In 1973, responding to First Nations’ frustration at having to go to the courts to settle their historic grievances specific claims, the Government of Canada established the Specific Claims Policy and divided Indigenous legal claims into two broad categories: COMPREHENSIVE (known as modern treaties); and SPECIFIC, which make claims based on pre-existing treaties or agreements and under the policy, Canada looks at allegations that treaty or other legal obligations have not been fulfilled.

Specific claims arise when there is an outstanding historical grievance between a First Nation and the Crown that relates to an unfulfilled obligation of a treaty or another agreement, or a breach of statutory responsibilities by the Crown or the way it managed First Nation funds or assets.

Examples would include:

  • errors during the reserve creation process
  • problems with surveys of reserve boundaries
  • broken treaty promises
  • failure to obtain compensation (or obtaining inadequate compensation) for reserve surrender
  • problems with third-party use of reserves, e.g. roads, power lines, gravel extraction

Claims are accepted for negotiation when it is determined that Canada has an outstanding lawful obligation to a First Nation.
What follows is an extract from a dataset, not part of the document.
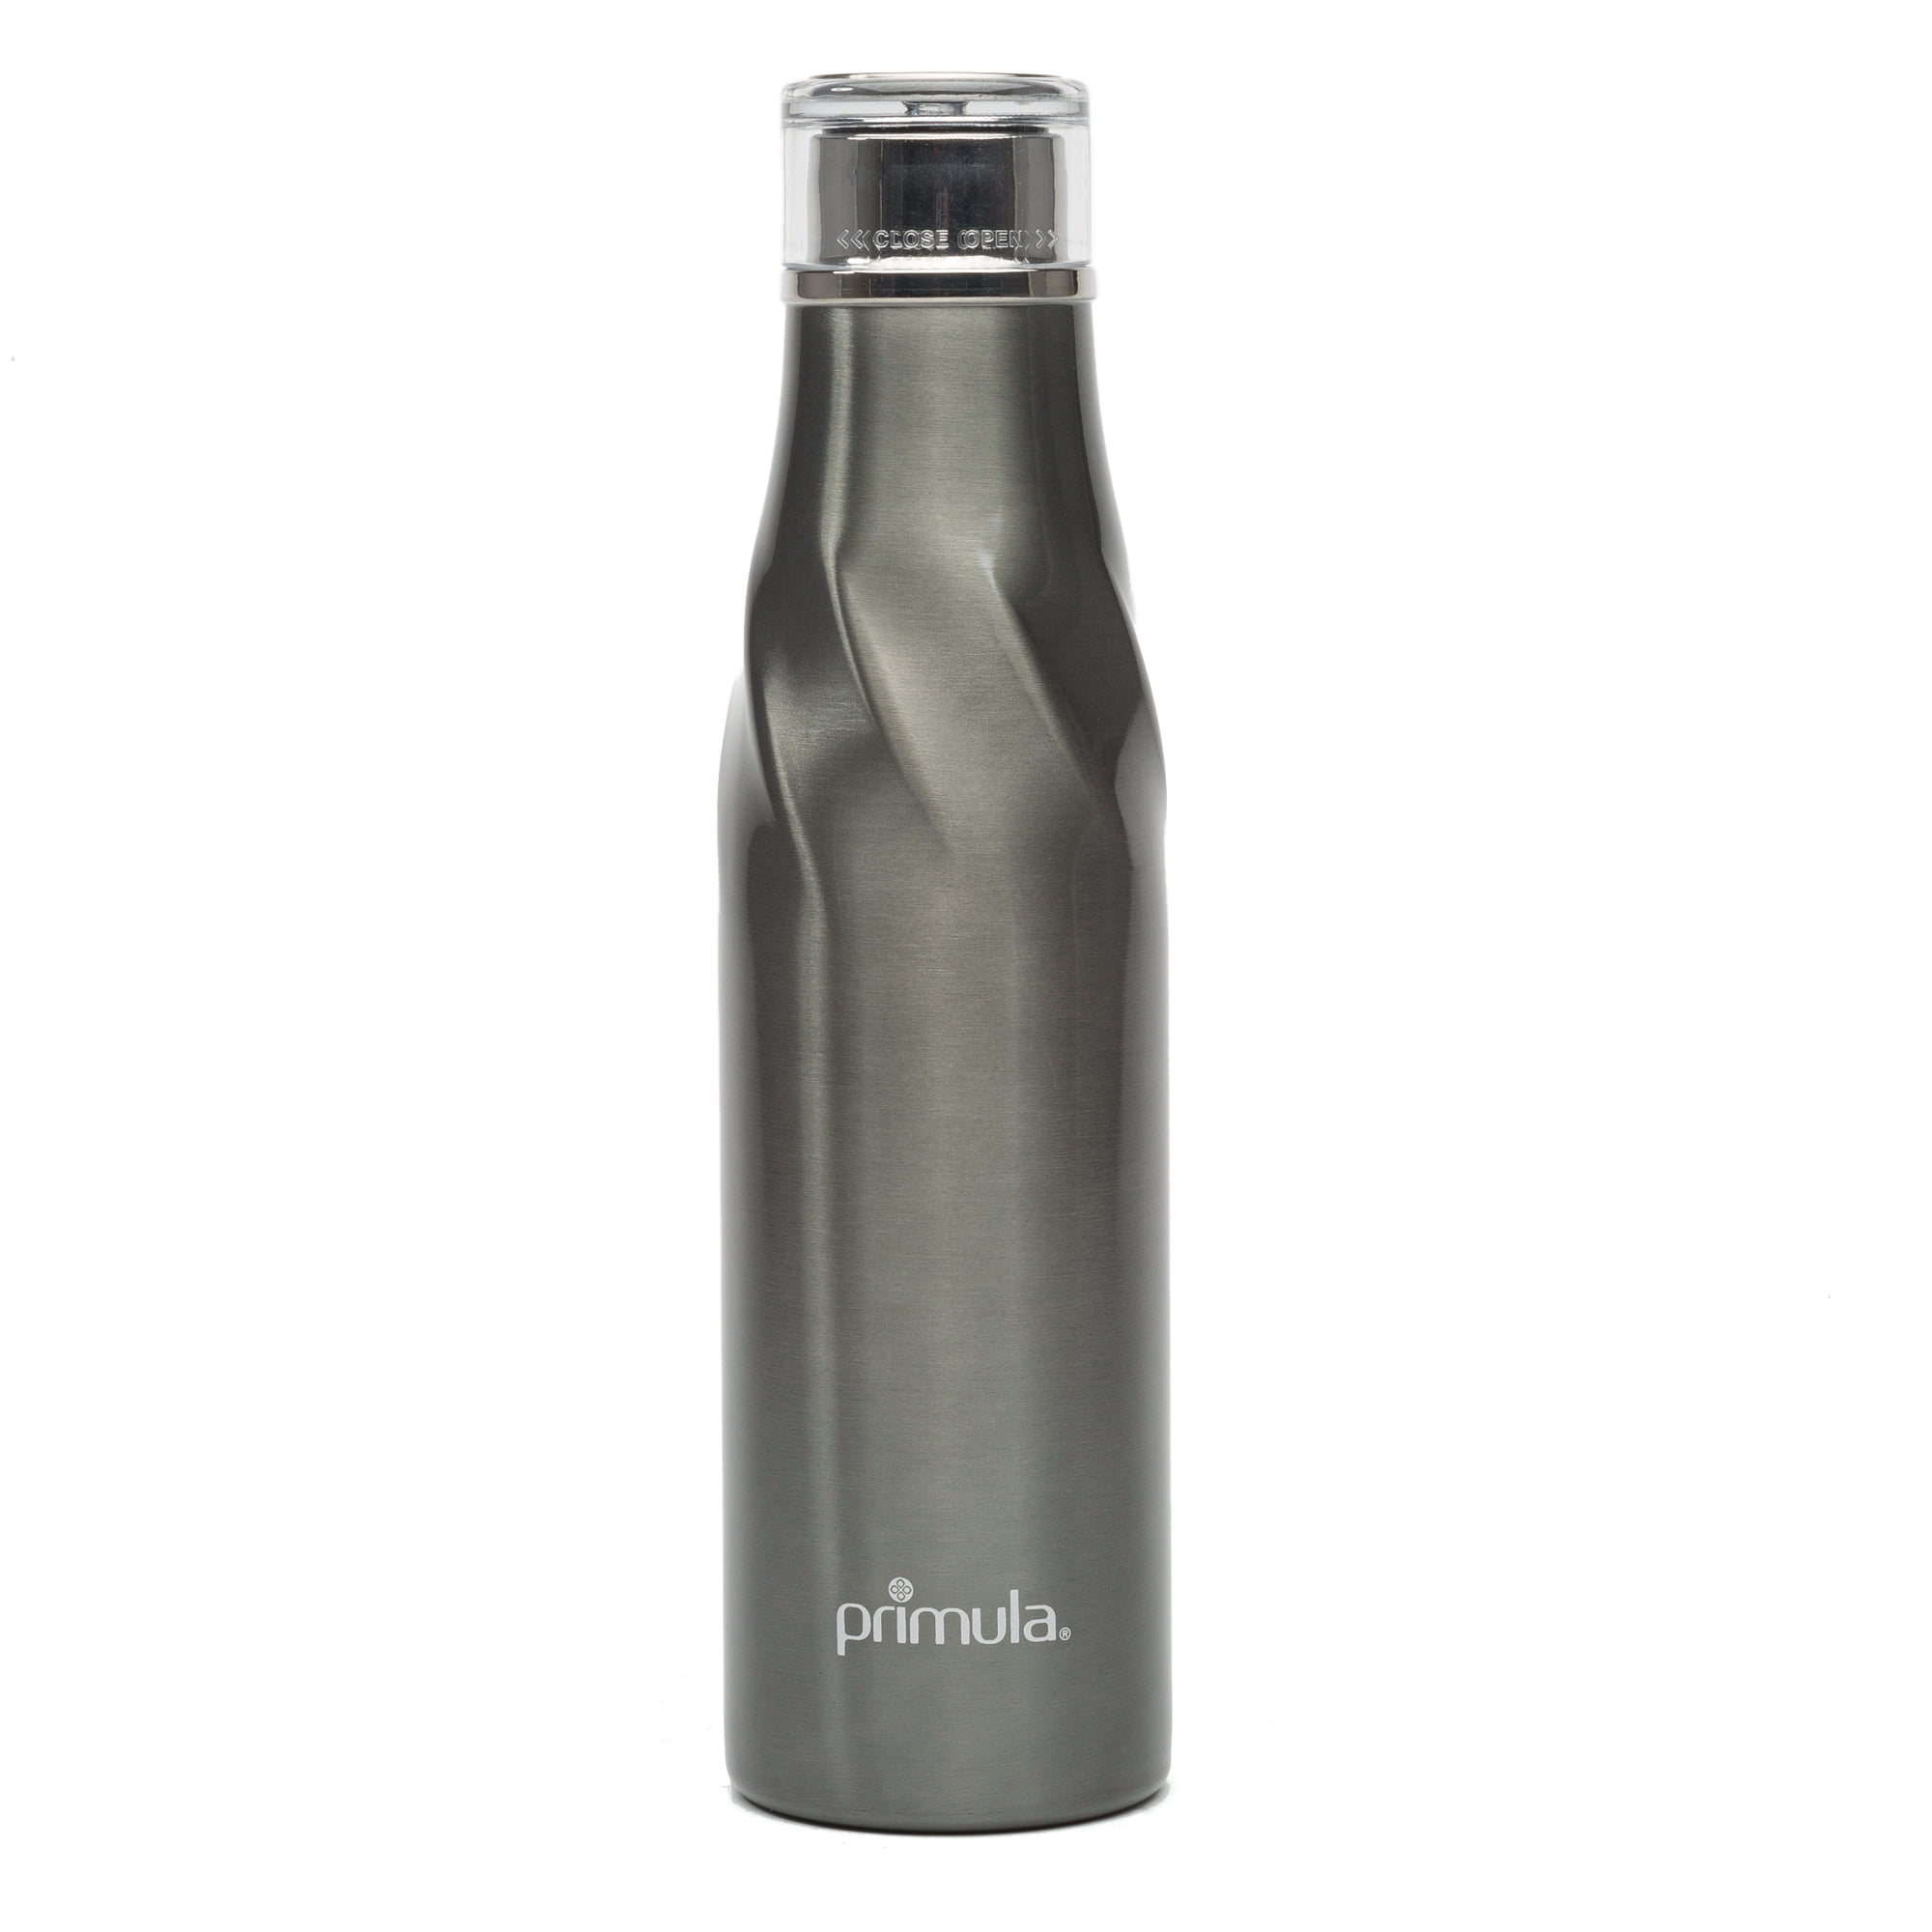 DRINCO Stainless Steel Water Bottle Vacuum Insulated 17oz 500ml Kids Metal Flask 
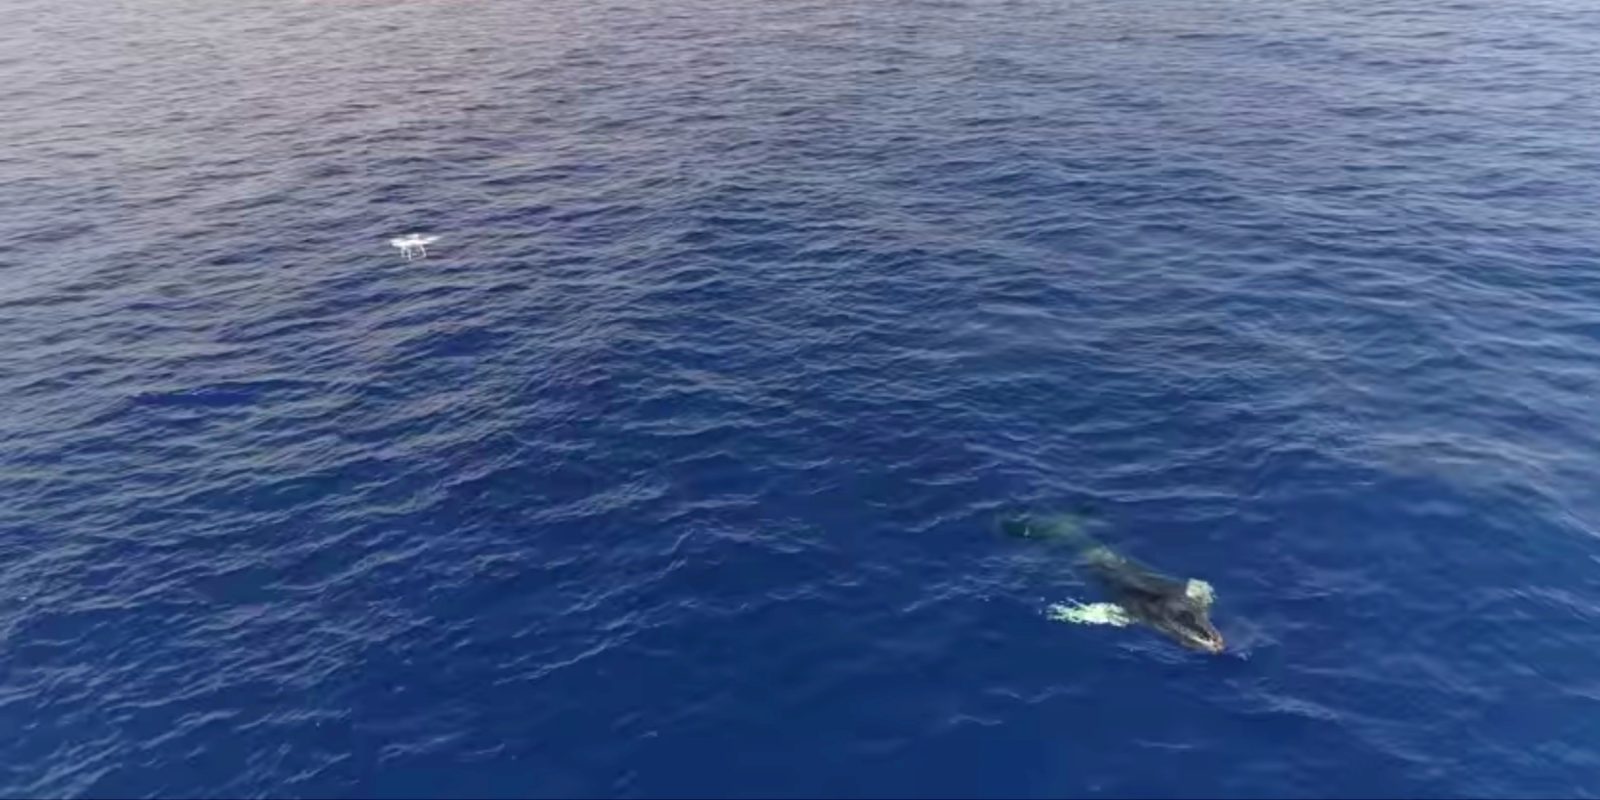 Drones are a valuable tool in freeing whales from lines and fishing nets

If a lawful obligation is found, specific claims settlements are negotiated between First Nations, Canada and (where applicable) the relevant province or territory.

Government policy recognizes that a specific claim exists when a First Nation establishes that its grievance gives rise to a lawful obligation through:

  • the non-fulfillment of a treaty or another agreement between First Nations and the Crown
  • the breach of an Indian Act or other statutory responsibility
  • the breach of an obligation arising out of government administration of First Nation funds or other assets
  • an illegal sale or other disposition

Limitation and Laches
Statutes of limitation are federal or provincial statutes which limit the time within which legal action may be taken in the courts to resolve a grievance. The right to take action will expire after a certain length of time unless legal proceedings have been started.

The federal government is not going to refrain from negotiating claims on the basis that they are submitted too late (statutes of limitation) or because the First Nation has waited too long to present its claim (doctrine of laches).

Between 1927 and 1951, the Indian Act made it an offence for a lawyer to receive payment from a First Nation to bring a claim against the Crown without the Government of Canada’s permission.

When those provisions of the Indian Act were repealed in 1951, First Nations began organizing to pursue settlements to resolve their outstanding grievances or specific claims against the Crown.